High resolution melting analysis for the rapid and sensitive detection of mutations in clinical samples: KRAS codon 12 and 13 mutations in non-small cell lung cancerReport as inadecuate




High resolution melting analysis for the rapid and sensitive detection of mutations in clinical samples: KRAS codon 12 and 13 mutations in non-small cell lung cancer - Download this document for free, or read online. Document in PDF available to download.

BMC Cancer

, 6:295

First Online: 21 December 2006Received: 27 September 2006Accepted: 21 December 2006DOI: 10.1186-1471-2407-6-295

Cite this article as: Krypuy, M., Newnham, G.M., Thomas, D.M. et al.
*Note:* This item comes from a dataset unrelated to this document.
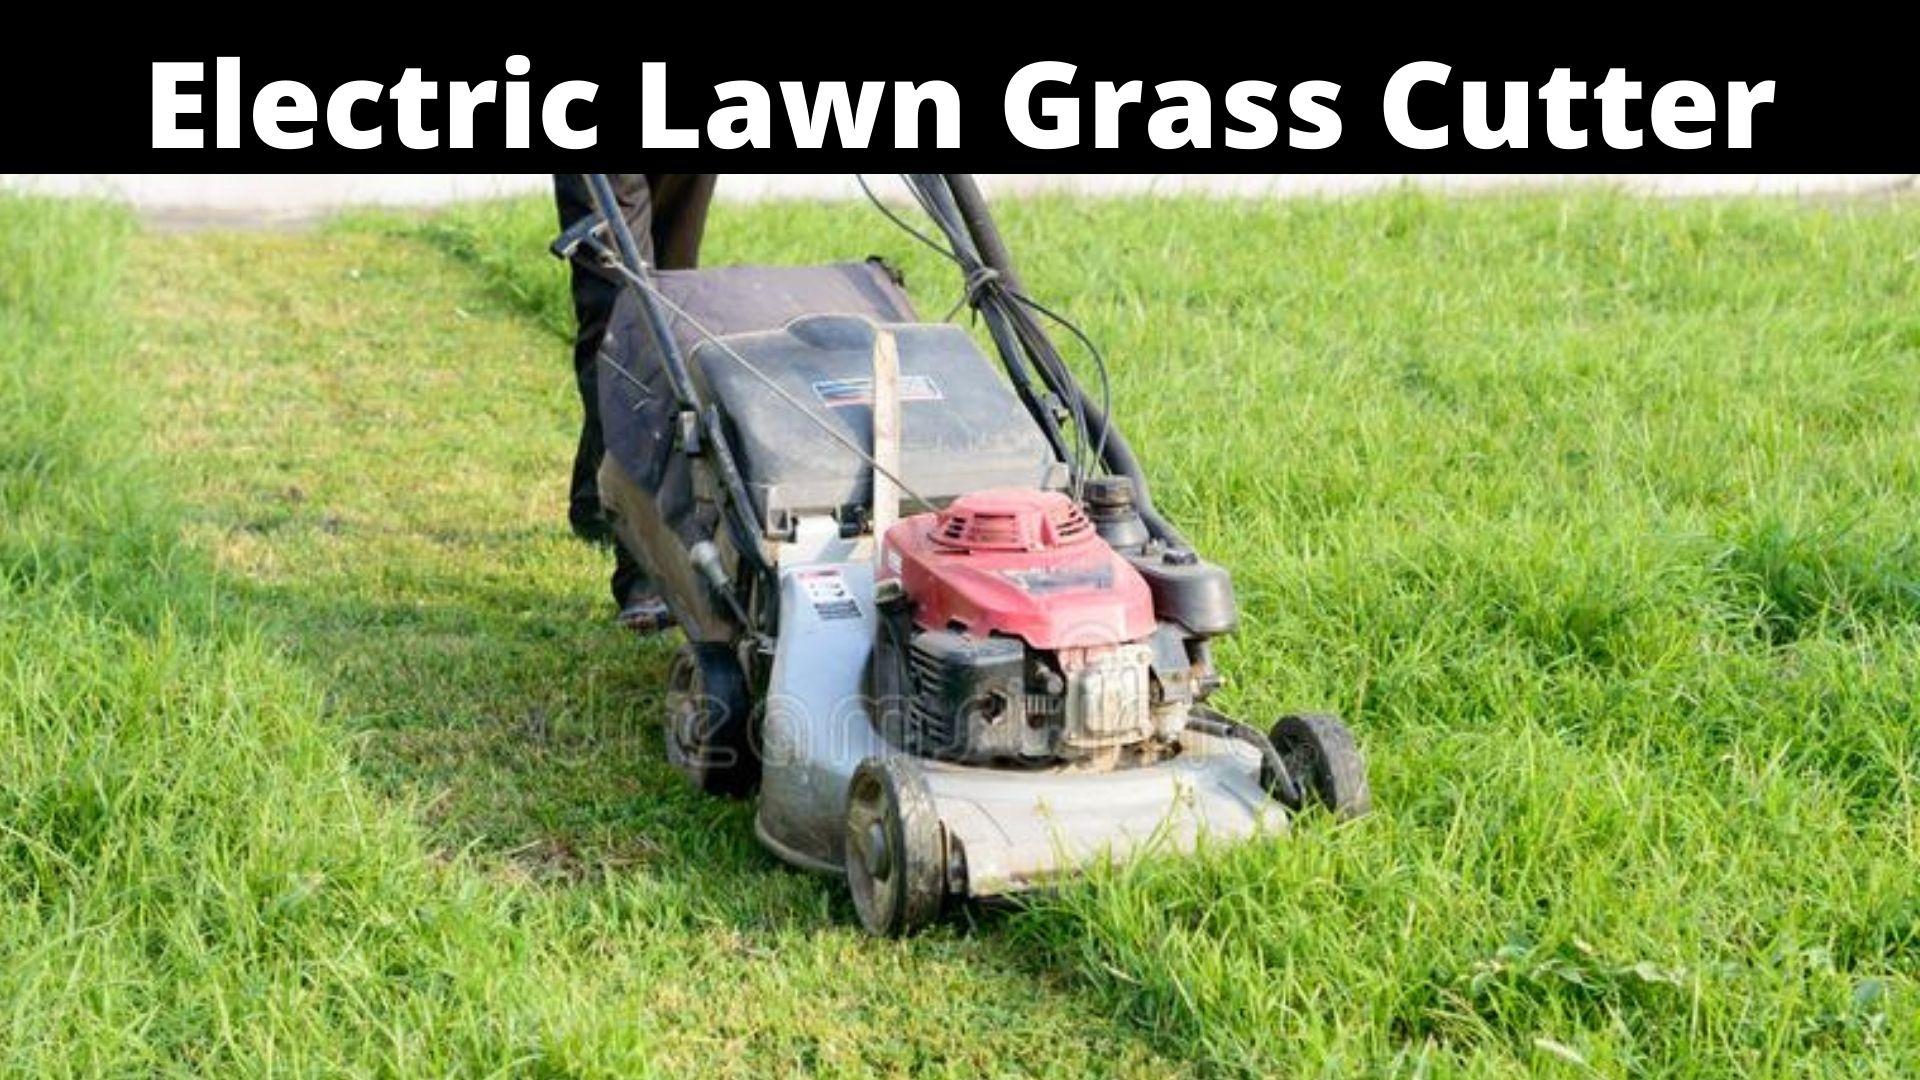 Electric Lawn Grass Cutter

BMC Cancer 2006 6: 295. doi:10.1186-1471-2407-6-295

Abstract

BackgroundThe development of targeted therapies has created a pressing clinical need for the rapid and robust molecular characterisation of cancers. We describe here the application of high-resolution melting analysis HRM to screen for KRAS mutations in clinical cancer samples. In non-small cell lung cancer, KRAS mutations have been shown to identify a group of patients that do not respond to EGFR targeted therapies and the identification of these mutations is thus clinically important.

MethodsWe developed a high-resolution melting HRM assay to detect somatic mutations in exon 2, notably codons 12 and 13 of the KRAS gene using the intercalating dye SYTO 9. We tested 3 different cell lines with known KRAS mutations and then examined the sensitivity of mutation detection with the cell lines using 189 bp and 92 bp amplicons spanning codons 12 and 13. We then screened for KRAS mutations in 30 non-small cell lung cancer biopsies that had been previously sequenced for mutations in EGFR exons 18–21.
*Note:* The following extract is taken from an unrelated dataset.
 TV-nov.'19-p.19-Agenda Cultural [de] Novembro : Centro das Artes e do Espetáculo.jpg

ResultsKnown KRAS mutations in cell lines A549, HCT116 and RPMI8226 were readily detectable using HRM. The shorter 92 bp amplicon was more sensitive in detecting mutations than the 189 bp amplicon and was able to reliably detect as little as 5–6% of each cell line DNA diluted in normal DNA. Nine of the 30 non-small cell lung cancer biopsies had KRAS mutations detected by HRM analysis. The results were confirmed by standard sequencing. Mutations in KRAS and EGFR were mutually exclusive.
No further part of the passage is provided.